Первый беглый взгляд между плимутскими пуританами и индейцами не состоялся, как вы помните, до тех пор, пока новоприбывшие не пробыли четыре дня на берегу, когда, по словам старого хрониста, «они заметили пять или шесть человек с собакой, идущих к ним, которые были дикарями: которые, увидев их, побежали в леса и свистнули собаке вслед». (Это четвероногое, большое или маленькое, всегда имело заглавную букву в своем имени, в то время как человеческие дикари не имели ни одной в этих ранних повествованиях.) Когда англичане преследовали индейцев, «они убегали изо всех сил». [3] Следующее интервью было более бурным; четыре дня спустя те же пилигримы спали на борту «шлюпки» утром 8 декабря 1620 года (теперь 19 декабря), когда они услышали «великий и странный крик», и стрелы полетели среди них, на что они ответили, и один индеец «издал необычайный крик», и они ушли. После того как все стихло, пилигримы подобрали восемнадцать стрел, некоторые «с наконечниками из латуни, некоторые из оленьего рога», «а другие с когтями орлов», [4] латунные наконечники, по крайней мере, показывали, что эти индейцы встречали англичан раньше.
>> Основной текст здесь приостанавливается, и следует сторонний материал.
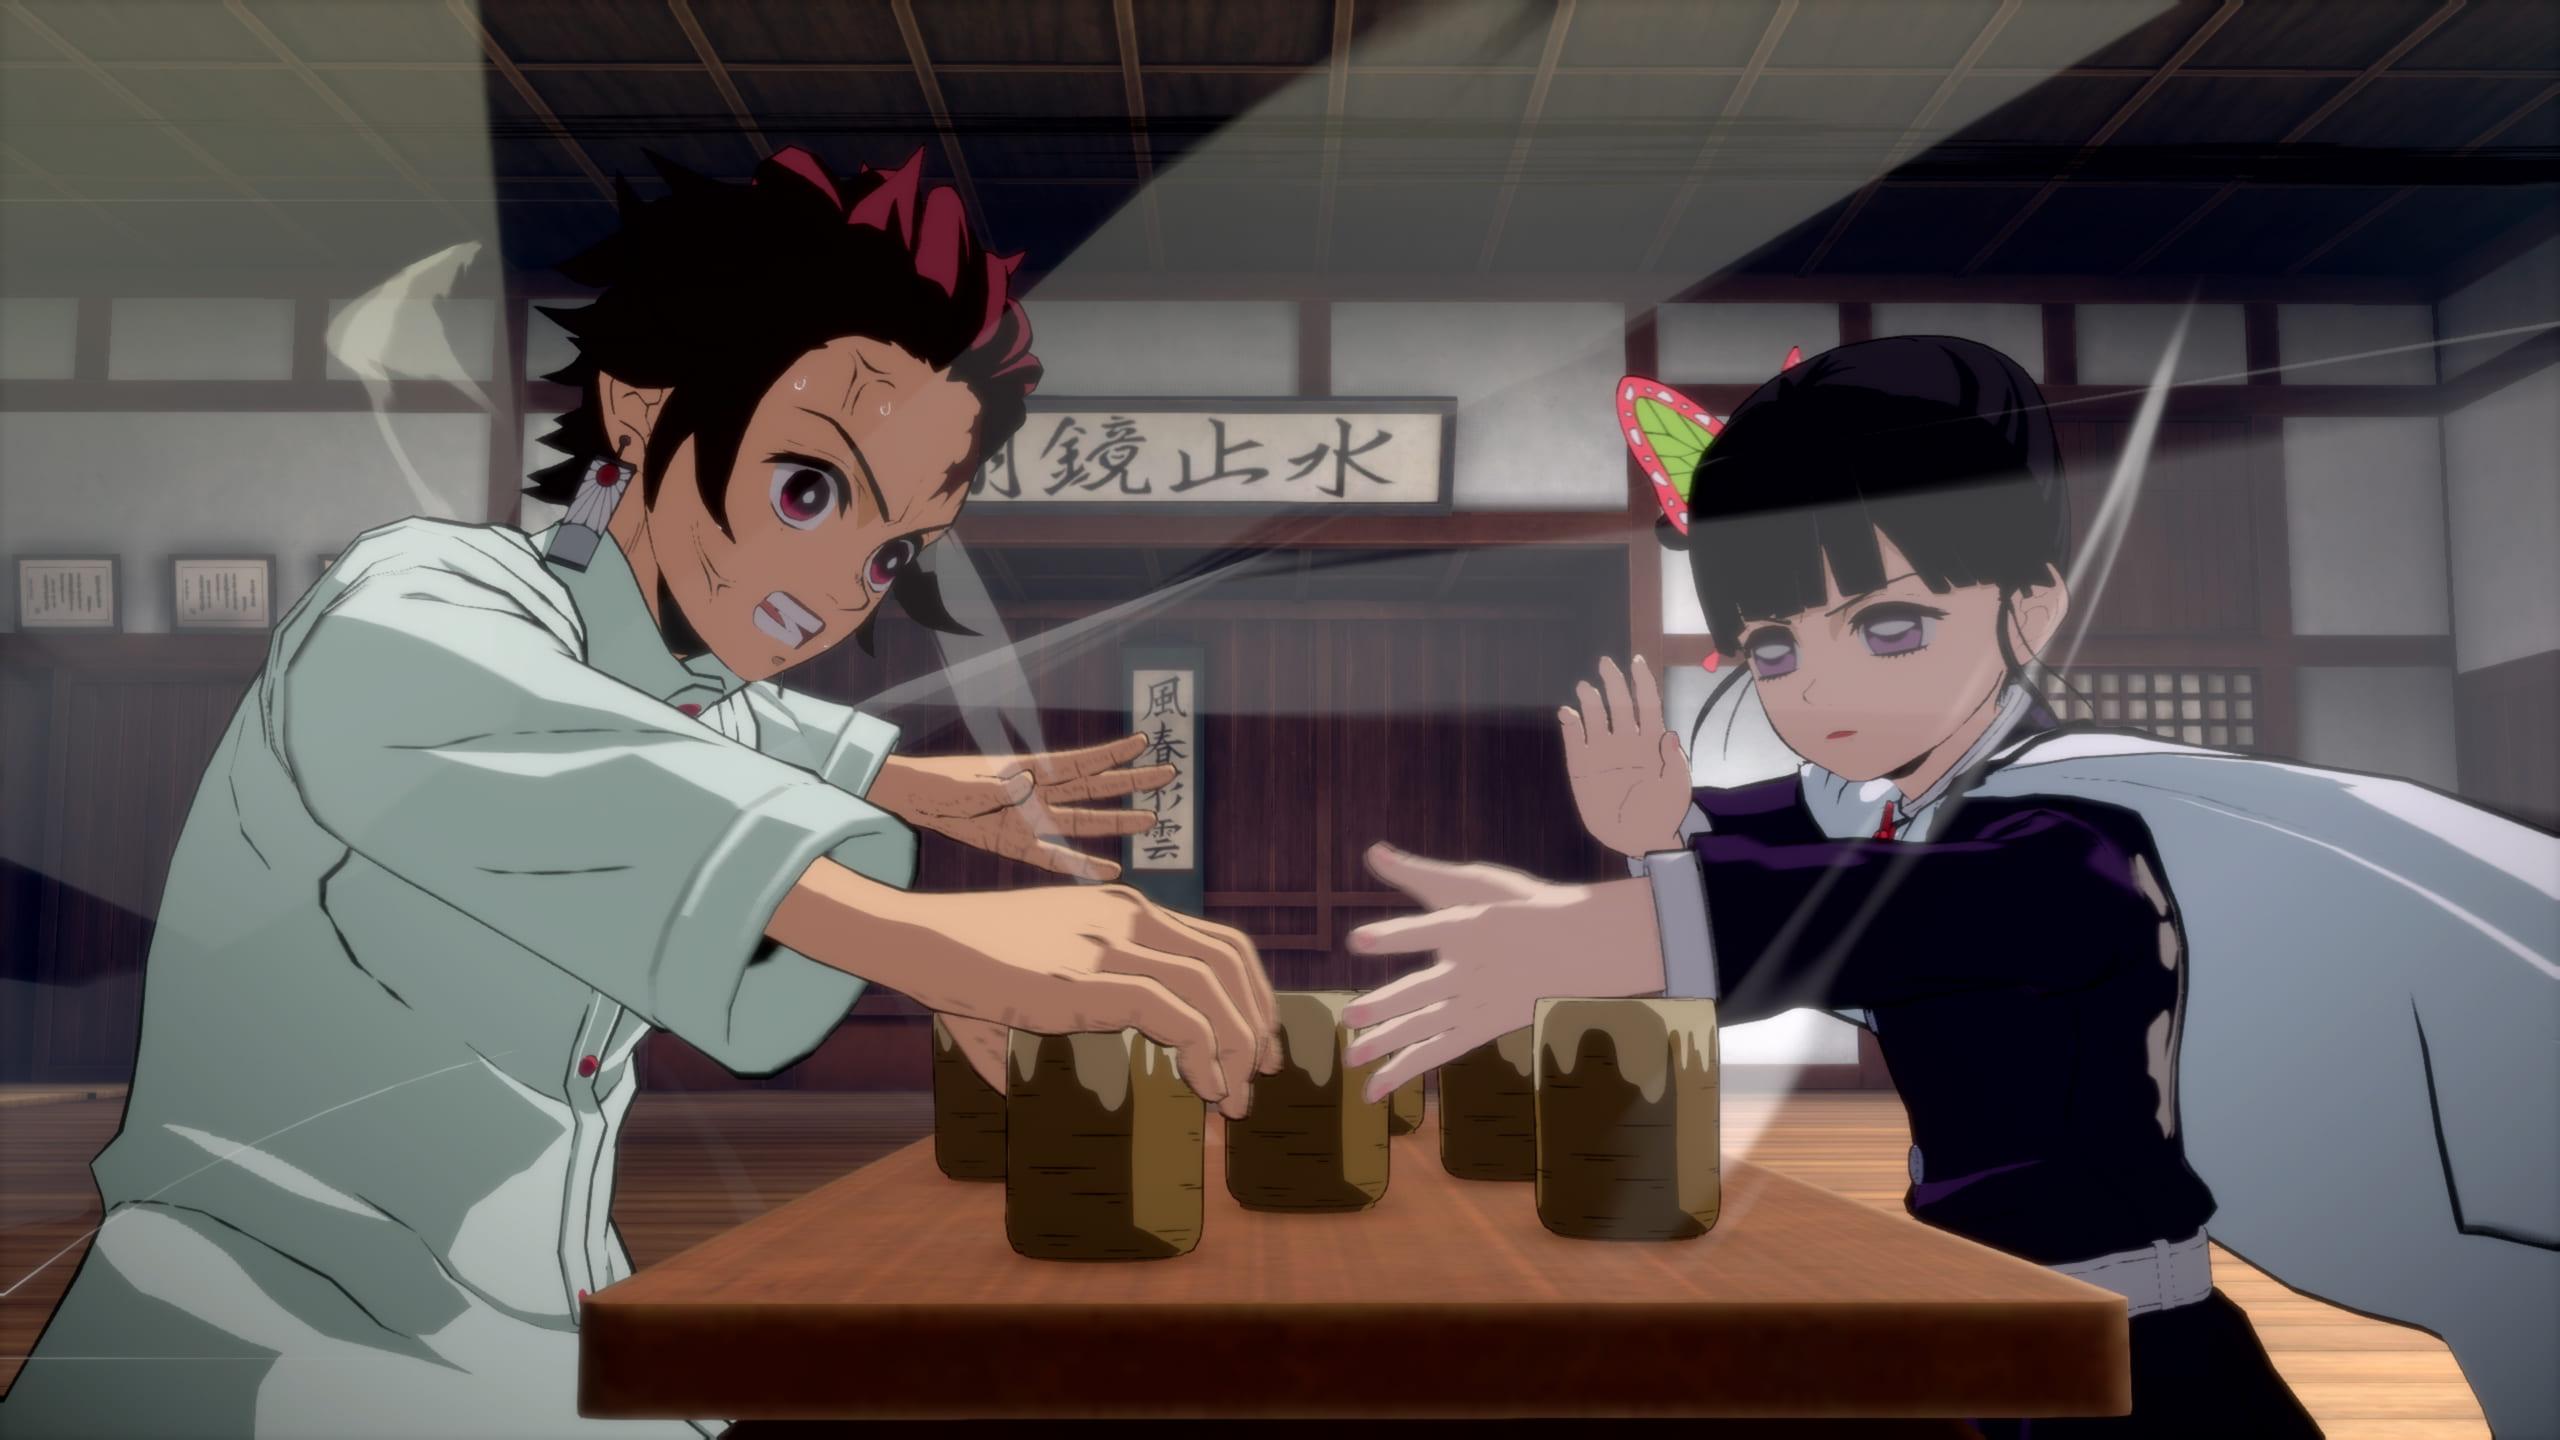 ゲーム内スクリーンショット -ソロプレイモード「蝶屋敷」-炭治郎とカナヲがバトル

Через три дня после этой встречи в Намскекете — а именно 22 декабря 1620 года (дата, ныне исчисляемая как 23 декабря) — англичане высадились в Патуксете, ныне Плимут. (Я знаю эти подробности относительно дат, потому что сам родился в годовщину этой первой даты, 22-го, и считал себя своего рода бревет-пилигримом, пока люди, якобы научные, не лишили меня одного пункта выдающегося положения в моей жизни, высадив пилигримов 23-го). Прошло три месяца, прежде чем они увидели еще индейцев, когда Самосет пришел, совсем один, со своим восхитительным приветствием: «Добро пожаловать, англичане», и несколько дней спустя (22 марта 1621 года) великий вождь всего того региона, Массасойт, появился на сцене.
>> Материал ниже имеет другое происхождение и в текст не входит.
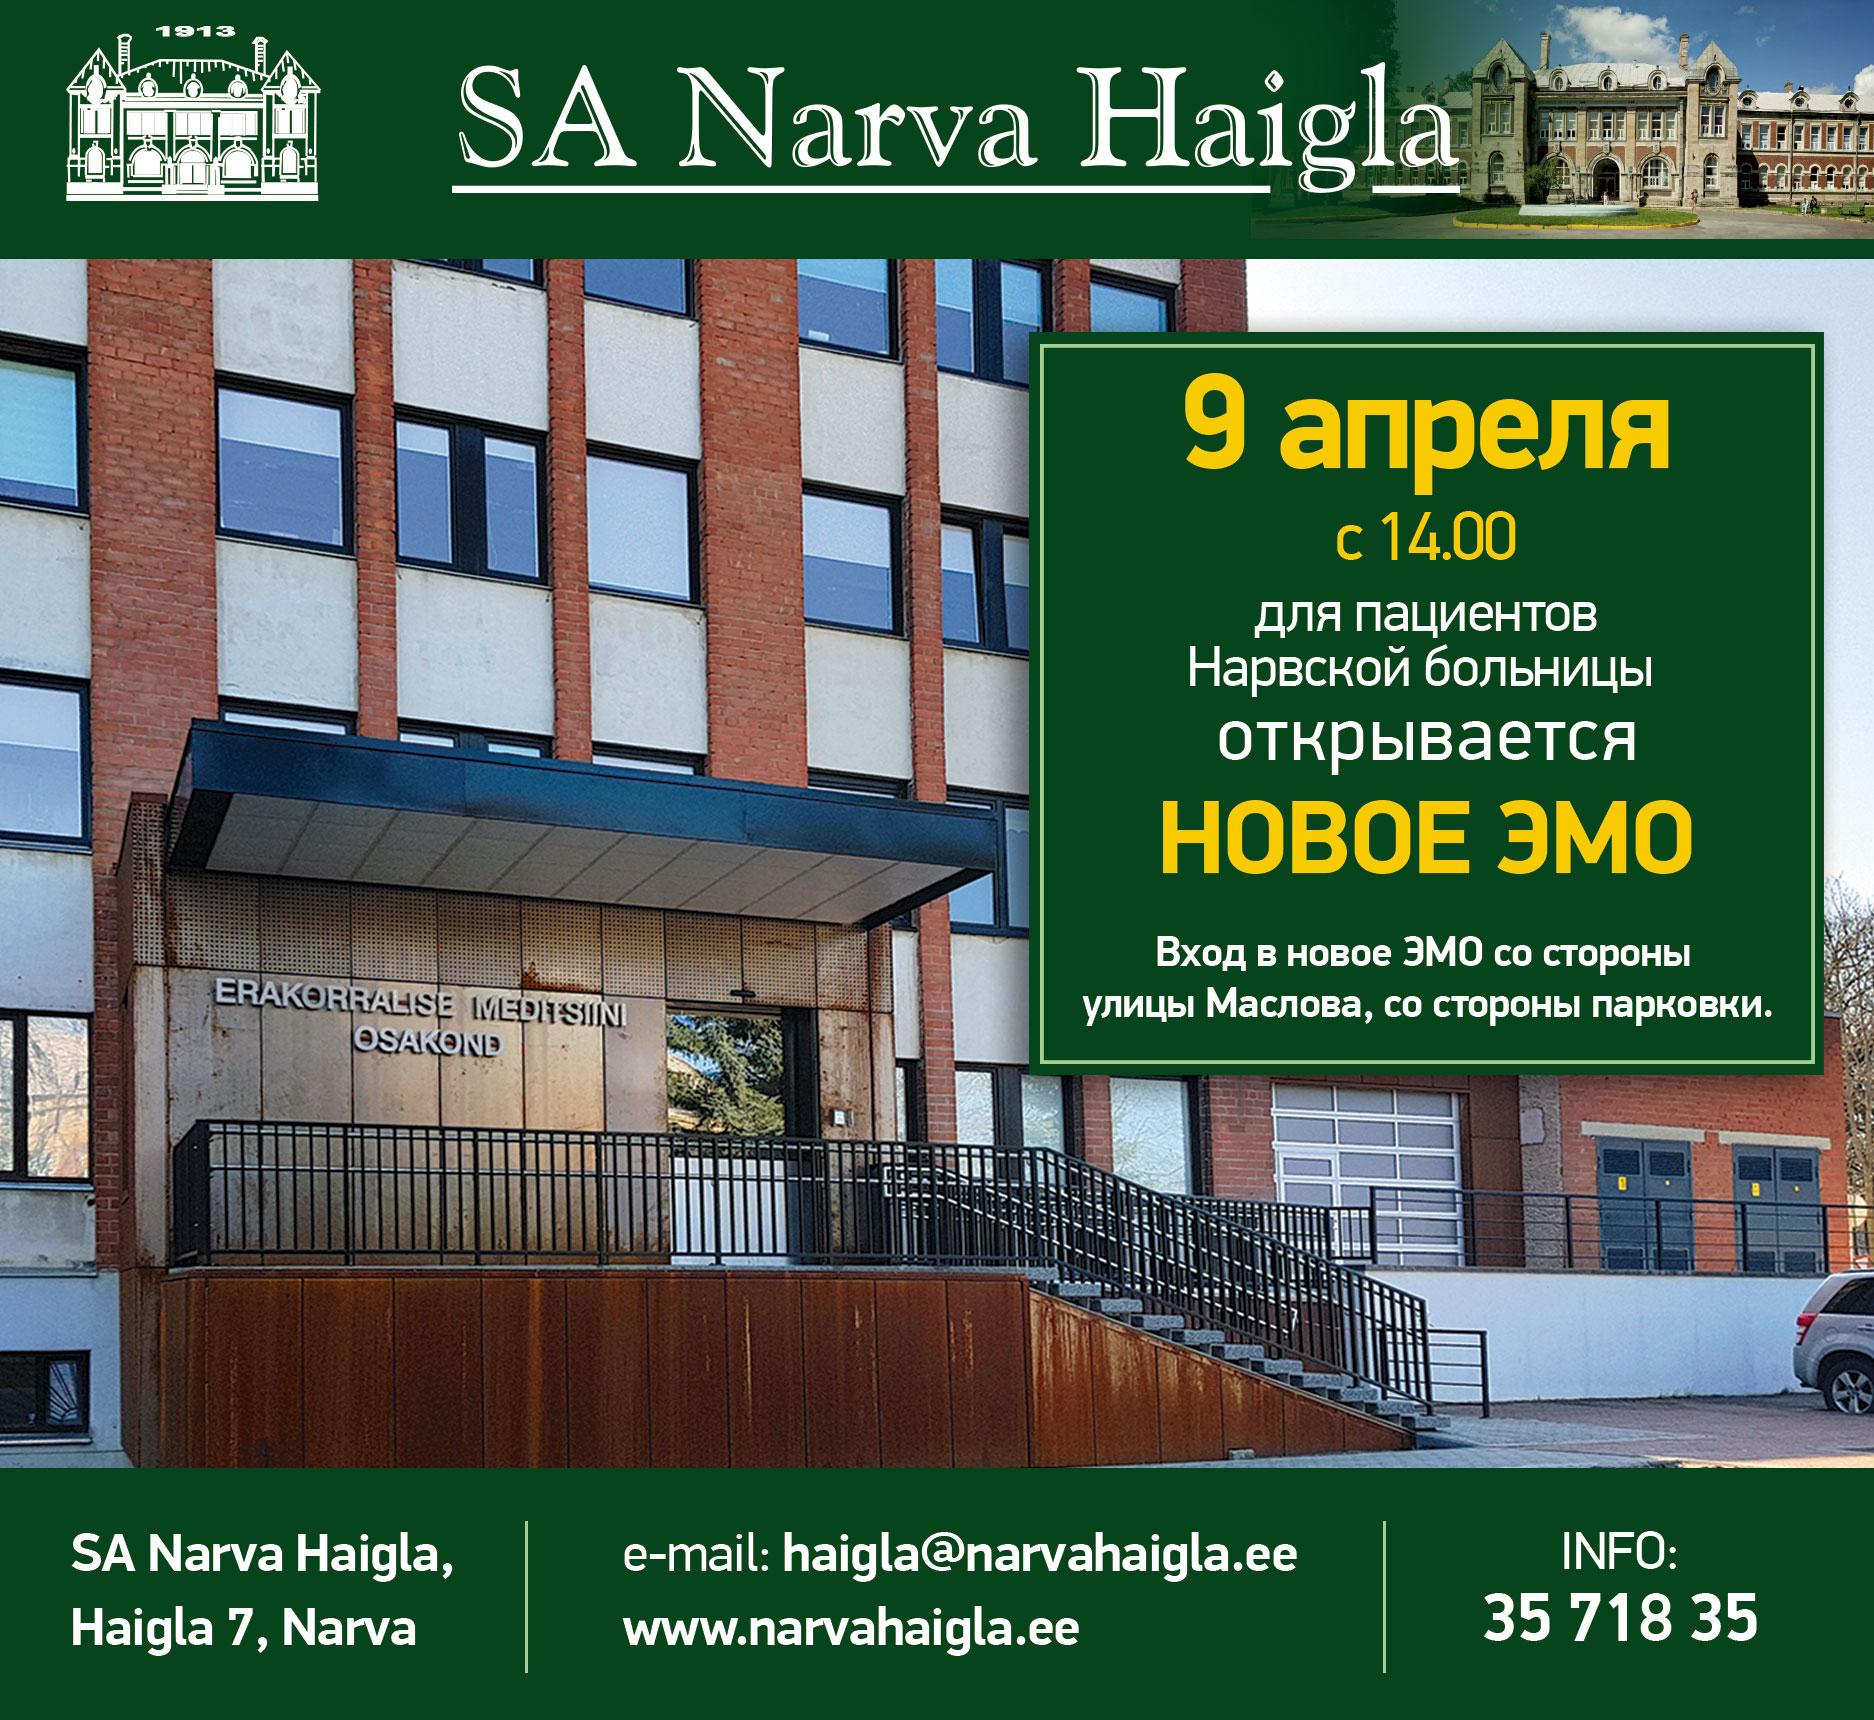 9 апреля обновленное отделение экстренной помощи Нарвской больницы открыли для пациентов

Когда он впервые сделал себя видимым, с шестьюдесятью людьми, в тот день, на том, что до сих пор известно как Строберри-Хилл, он попросил, чтобы кто-нибудь был послан для проведения переговоров с ним. Эдмунд Уинслоу был назначен на эту должность и вышел вперед, защищенный только своим мечом и доспехами, и неся подарки сачему. Уинслоу также произнес довольно длинную речь, принеся послания (весьма воображаемые, возможно, и, вероятно, совсем не понятые) от короля Якова, чей представитель, губернатор, особенно хотел видеть Массасойта. Из записи, написанной, по-видимому, самим Уинслоу, следует, что Массасойт не дал особого ответа на эту тираду, но уделил очень пристальное внимание мечу и доспехам Уинслоу и предложил сразу начать дело с их покупки. Это, однако, было отклонено, но Уинслоу убедил Массасойта пересечь ручей между англичанами и им самим, взяв с собой двадцать своих индейцев, которым было приказано оставить свои луки и стрелы позади. За ручьем его встретил капитан Стэндиш с эскортом из шести вооруженных людей, которые обменялись приветствиями и проводили его в один из лучших, но недостроенных домов в деревне. Здесь на полу был расстелен зеленый ковер и три или четыре подушки. Губернатор Брэдфорд затем вошел в дом, сопровождаемый тремя или четырьмя солдатами и предваряемый барабанной дробью и звуками трубы, что очень порадовало и удивило индейцев. Это было уважение, оказанное их сачему. Он и губернатор затем поцеловали друг друга, как записано, сели вместе и угостились развлечением. Пир, записанный ранним рассказчиком, состоял главным образом из крепких напитков, «вещь, которую дикари очень любят», говорится; «и сачем сделал такой большой глоток его сразу, что он потел все время, пока оставался». [5]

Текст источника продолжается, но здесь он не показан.